Hwang GW, Murai Y, Takahashi T, Naganuma A - Sci Rep (2014)

Bottom Line: We successfully identified 31 genes whose deletions confer resistance to methylmercury in yeast, and 18 genes whose deletions confer hypersensitivity to methylmercury.Yeast genes whose deletions conferred resistance to methylmercury included many gene encoding factors involved in protein transport to vacuoles.The results of our genetic engineering study suggest that this vesicle transport system (proteins moving from the TGN to vacuole via endosome) is responsible for enhancing methylmercury toxicity due to the interrelationship between the pathways.

View Article: PubMed Central - PubMed

Affiliation: Laboratory of Molecular and Biochemical Toxicology, Graduate School of Pharmaceutical Sciences, Tohoku University, Sendai 980-8578, Japan.

ABSTRACT
Methylmercury causes serious damage to the central nervous system, but the molecular mechanisms of methylmercury toxicity are only marginally understood. In this study, we used a gene-deletion mutant library of budding yeast to conduct genome-wide screening for gene knockouts affecting the sensitivity of methylmercury toxicity. We successfully identified 31 genes whose deletions confer resistance to methylmercury in yeast, and 18 genes whose deletions confer hypersensitivity to methylmercury. Yeast genes whose deletions conferred resistance to methylmercury included many gene encoding factors involved in protein transport to vacuoles.
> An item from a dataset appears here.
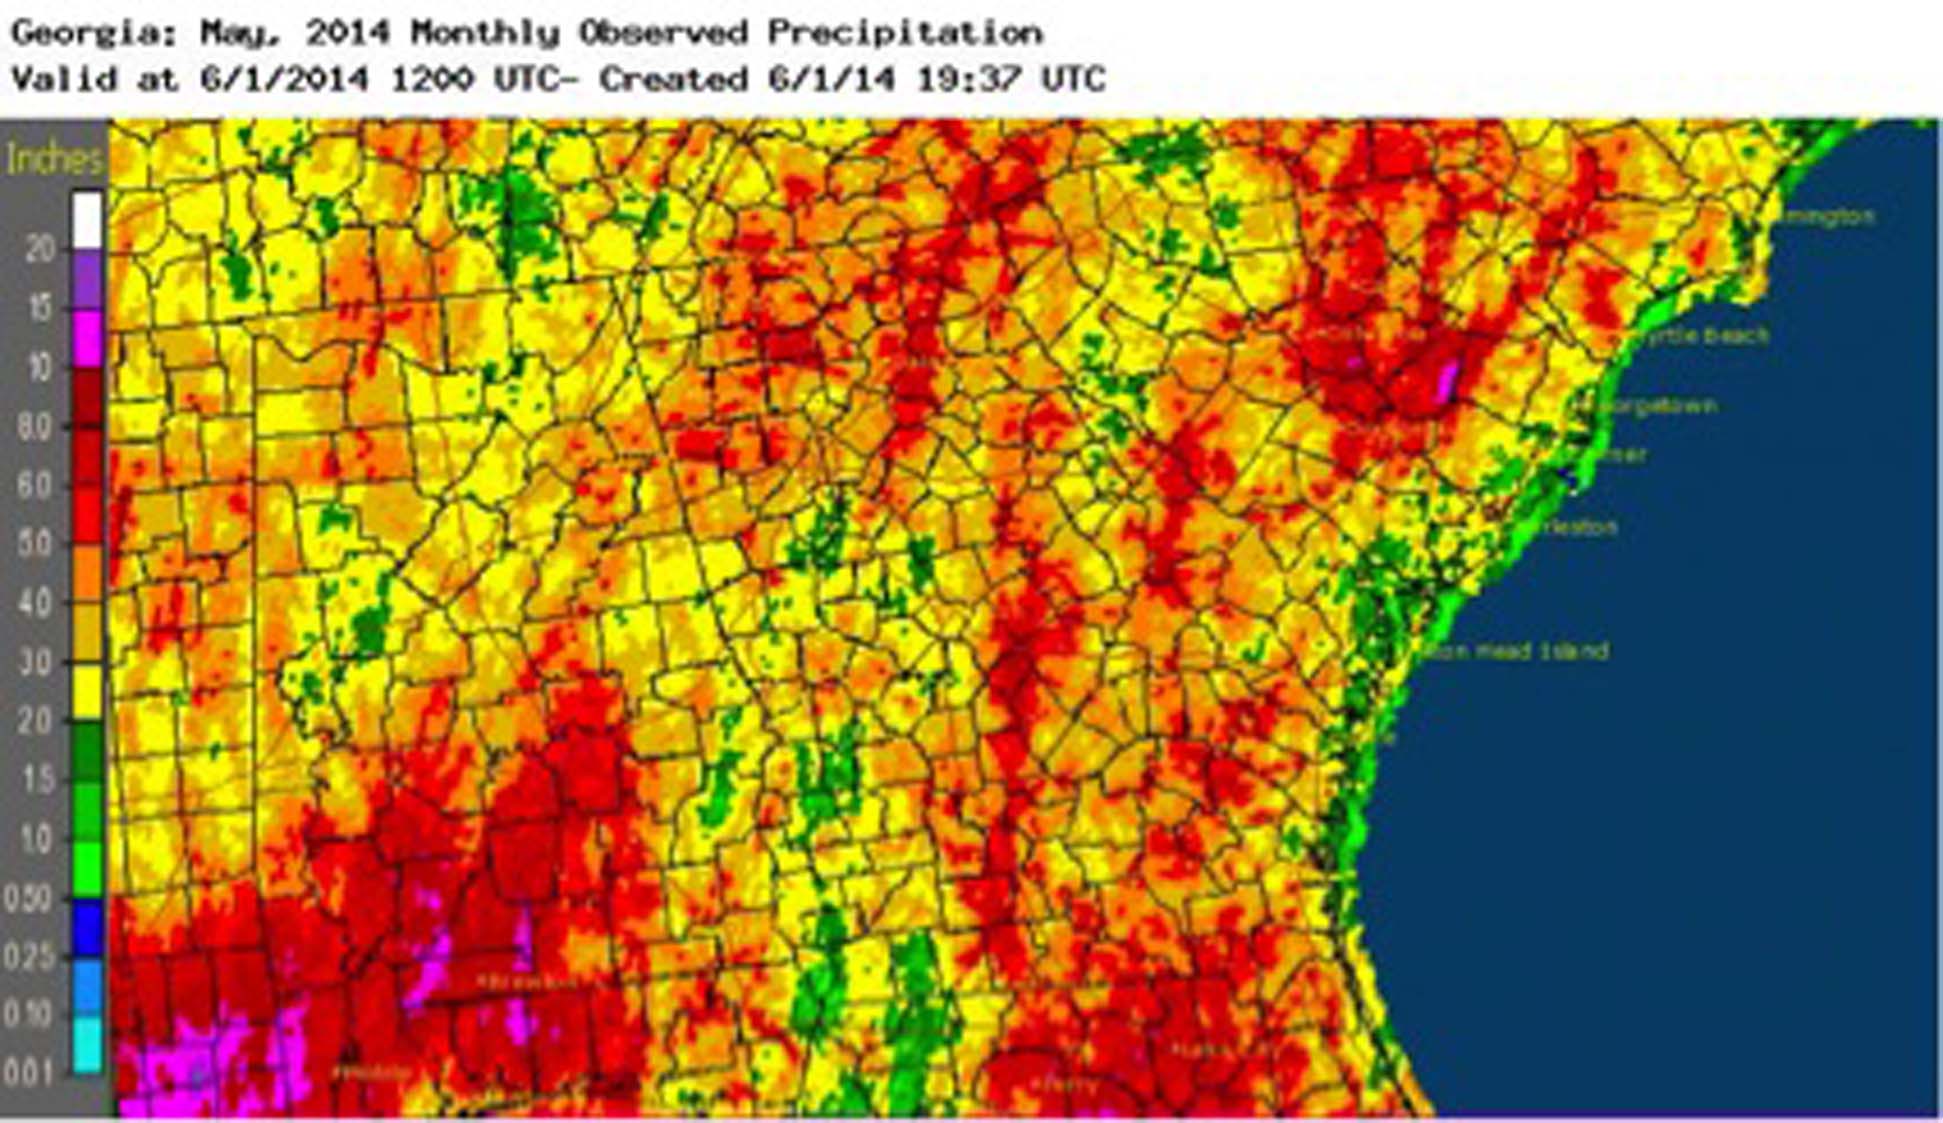 While parts of Georgia received periodic downpours connected to spring thunder showers, most of Georgia received normal amounts of rainfall during May.

Detailed examination of the relationship between the factors involved in this transport system and methylmercury toxicity revealed that mutants with loss of the factors involved in the transportation pathway from the trans-Golgi network (TGN) to the endosome, protein uptake into the endosome, and endosome-vacuole fusion showed higher methylmercury resistance than did wild-type yeast. The results of our genetic engineering study suggest that this vesicle transport system (proteins moving from the TGN to vacuole via endosome) is responsible for enhancing methylmercury toxicity due to the interrelationship between the pathways. There is a possibility that there may be proteins in the cell that enhance methylmercury toxicity through the protein transport system.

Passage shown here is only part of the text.